▸ **Task to complete**
When a picture appears in the listing, leave it out and copy the rest exactly as it stands.

▸ **Data excerpt**
───
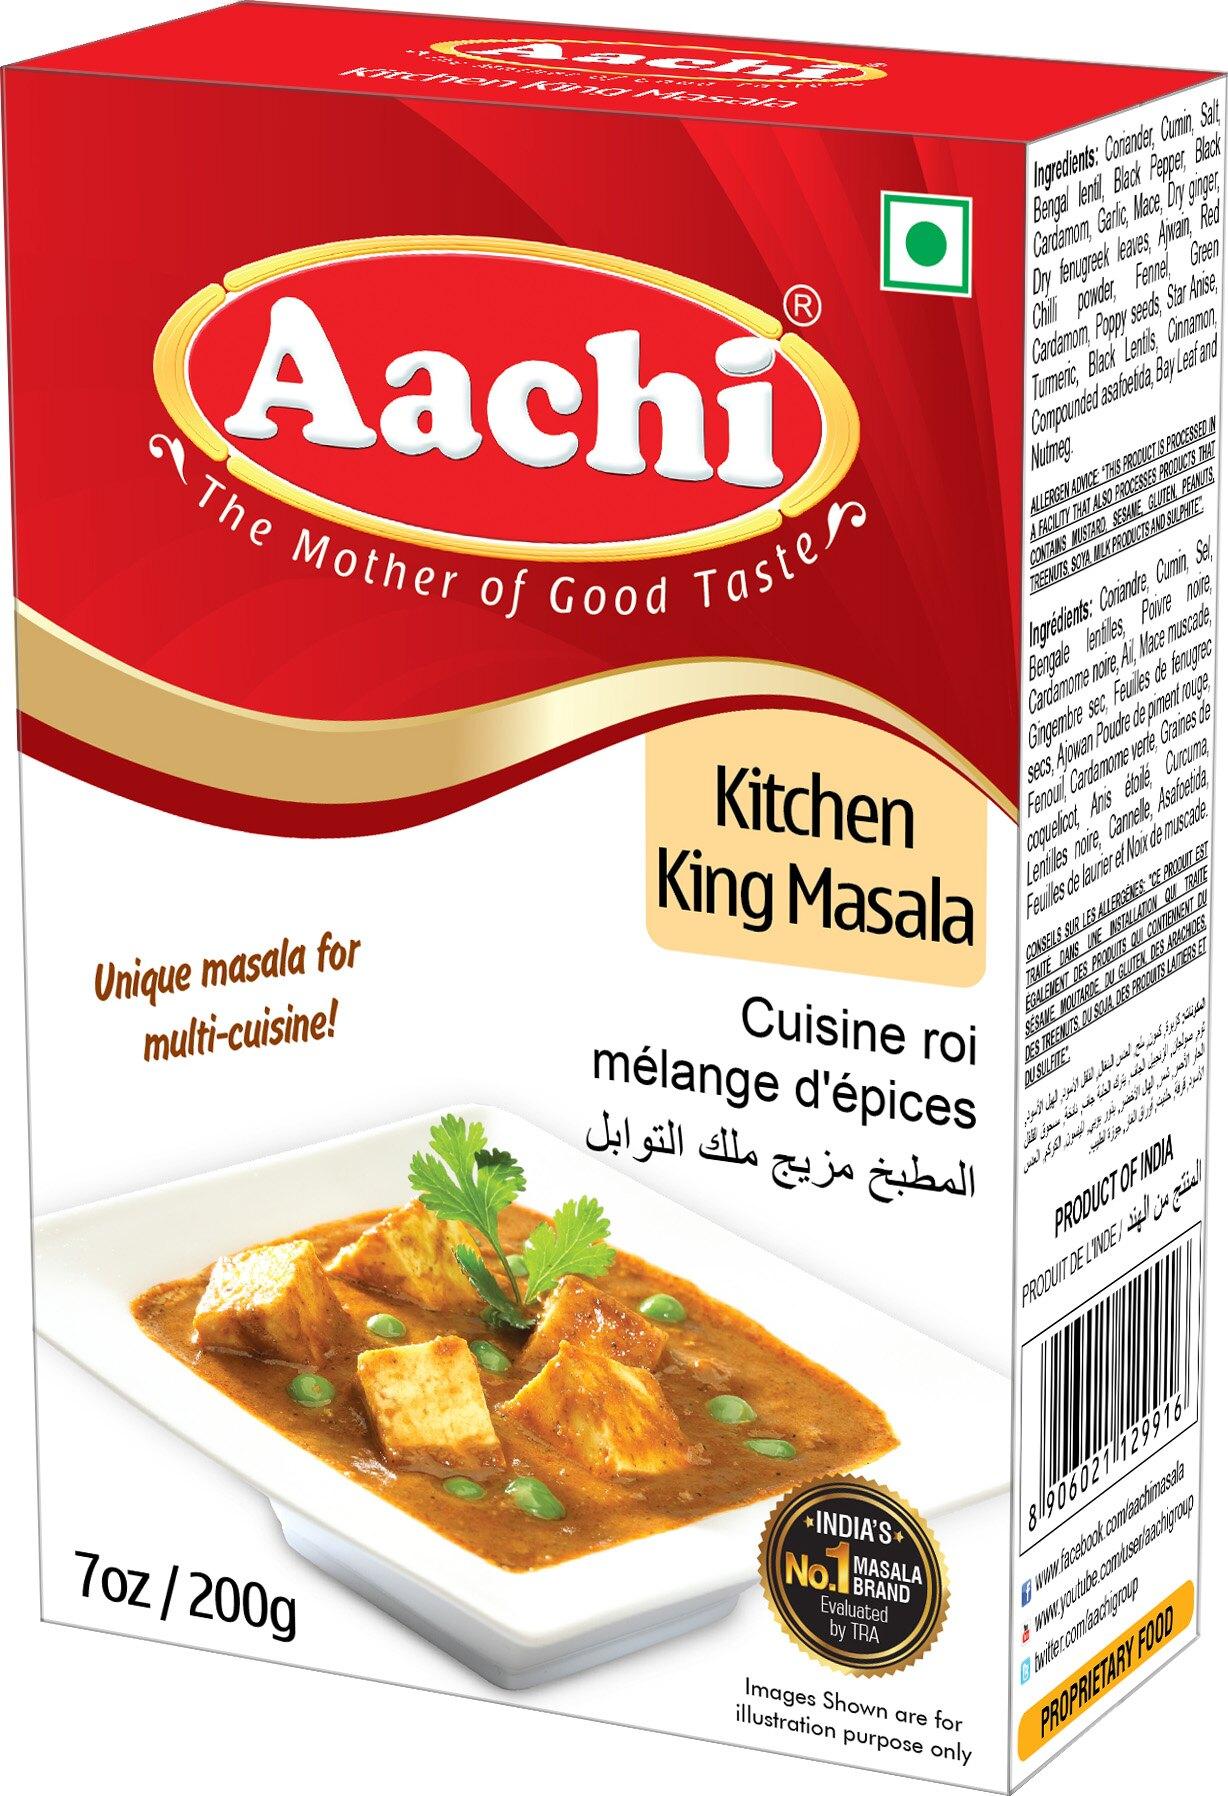 廚王咖哩粉   Kitchen King Masala AACHI 200gm
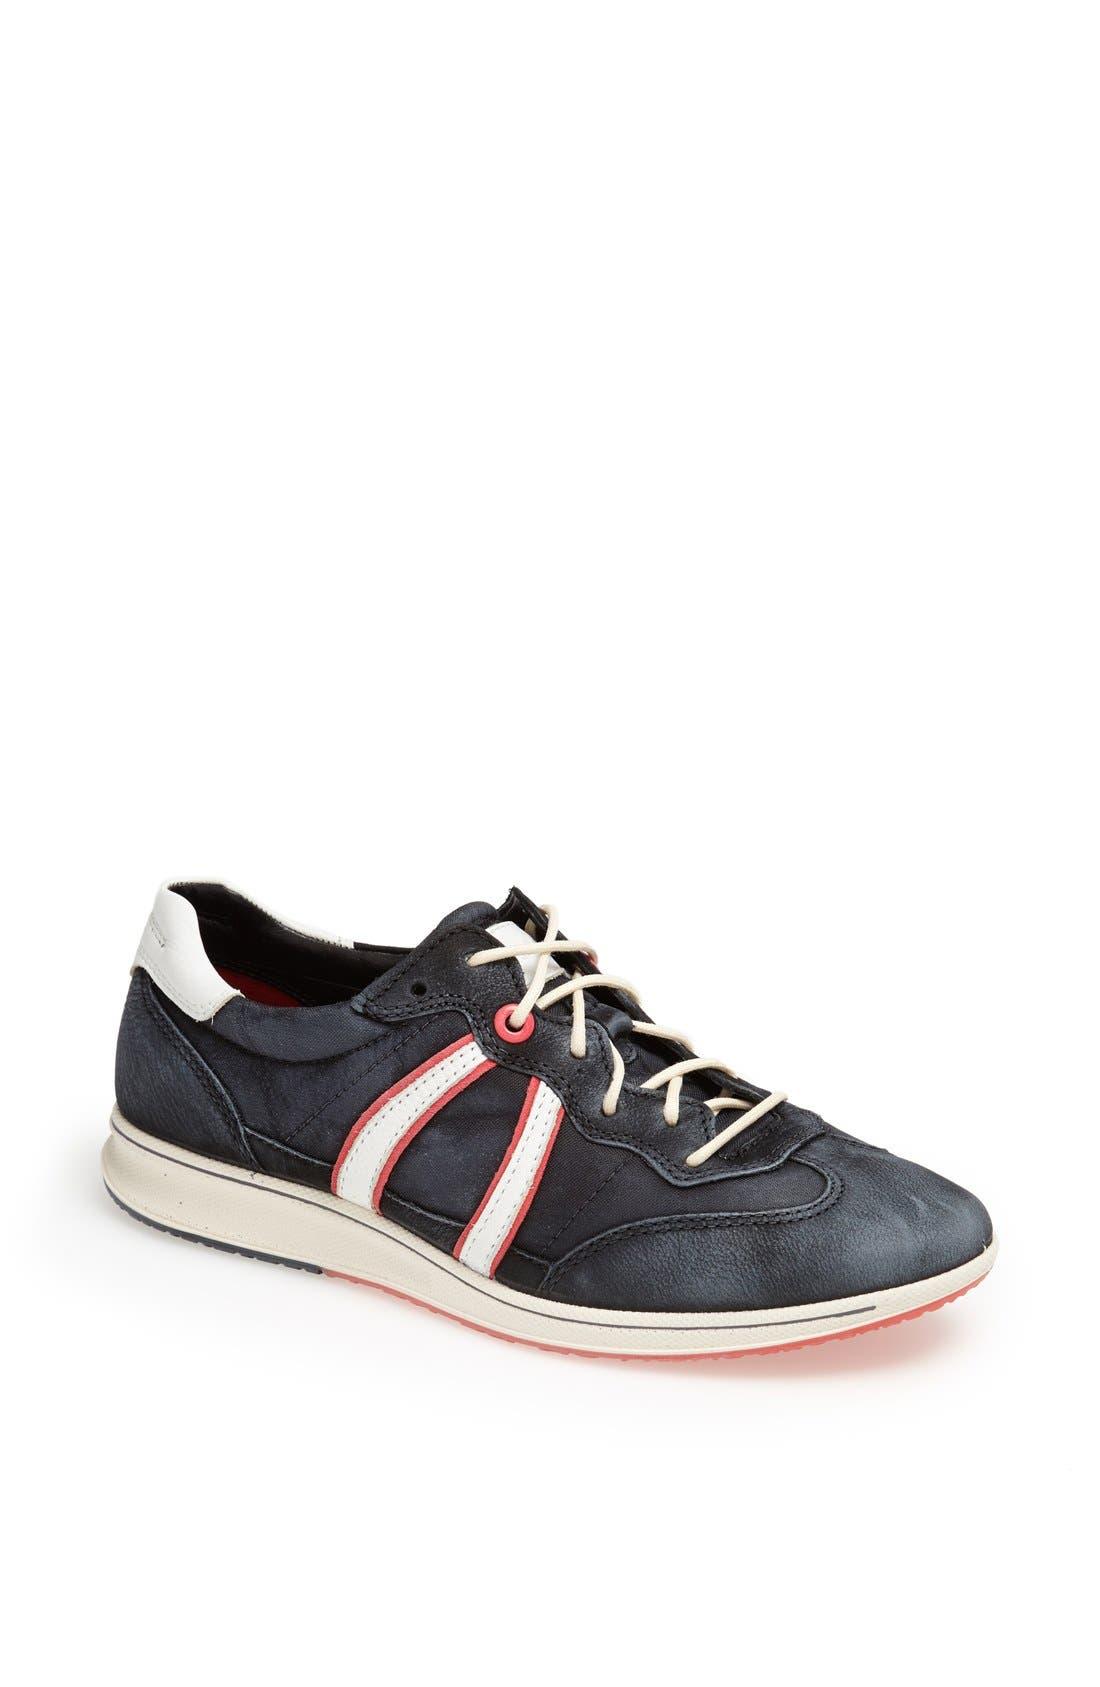 Main Image - ECCO 'Jogga' Sneaker (Women)
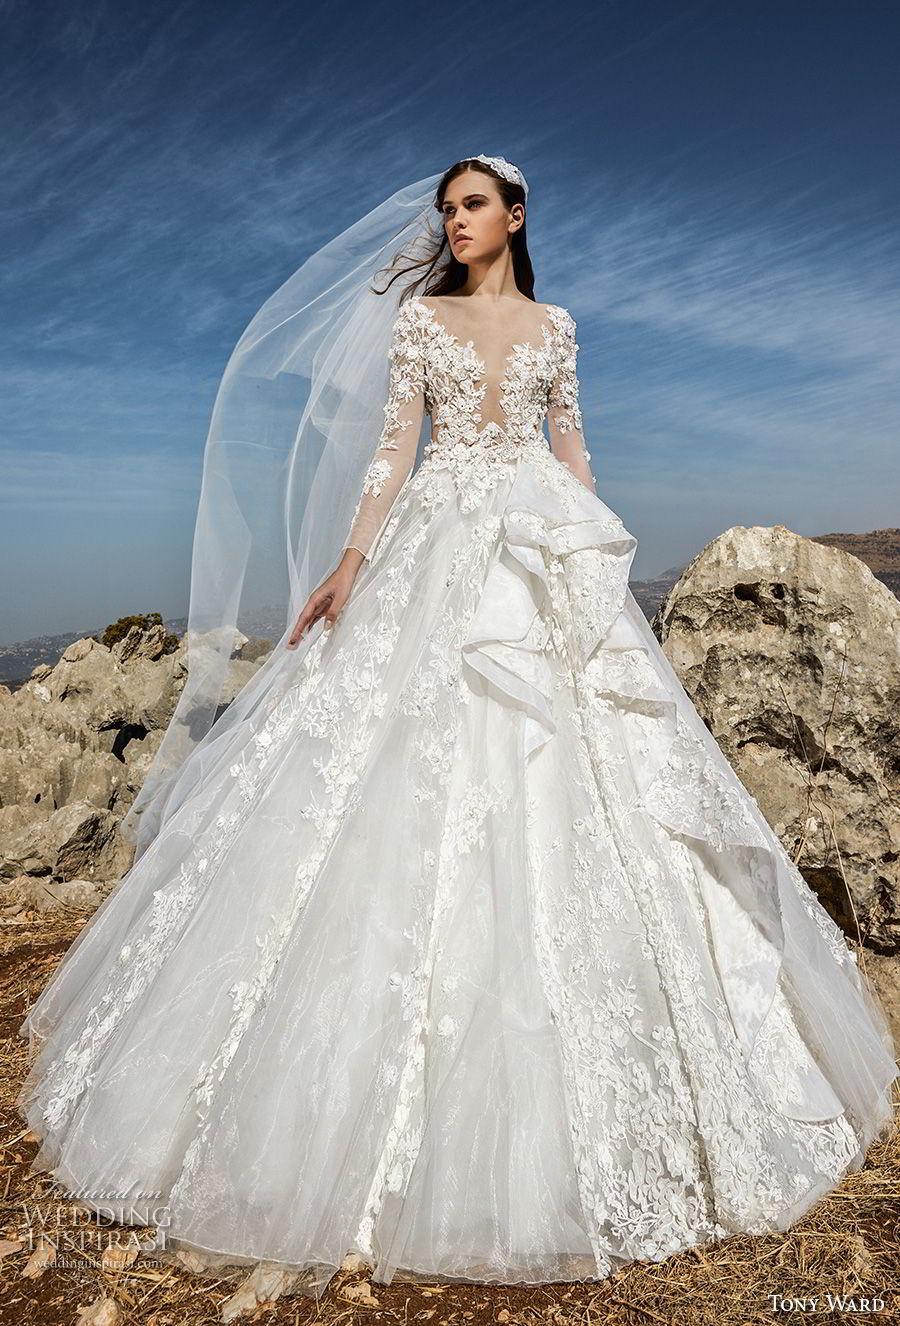 tony ward fall 2018 bridal long sleeves illusion bateau deep plunging sweetheart neckline heavily embellished bodice princess ball gown a line wedding dress (1) mv
───
▸ **Exercise output**
 廚王咖哩粉   Kitchen King Masala AACHI 200gm
 Main Image - ECCO 'Jogga' Sneaker (Women)
 tony ward fall 2018 bridal long sleeves illusion bateau deep plunging sweetheart neckline heavily embellished bodice princess ball gown a line wedding dress (1) mv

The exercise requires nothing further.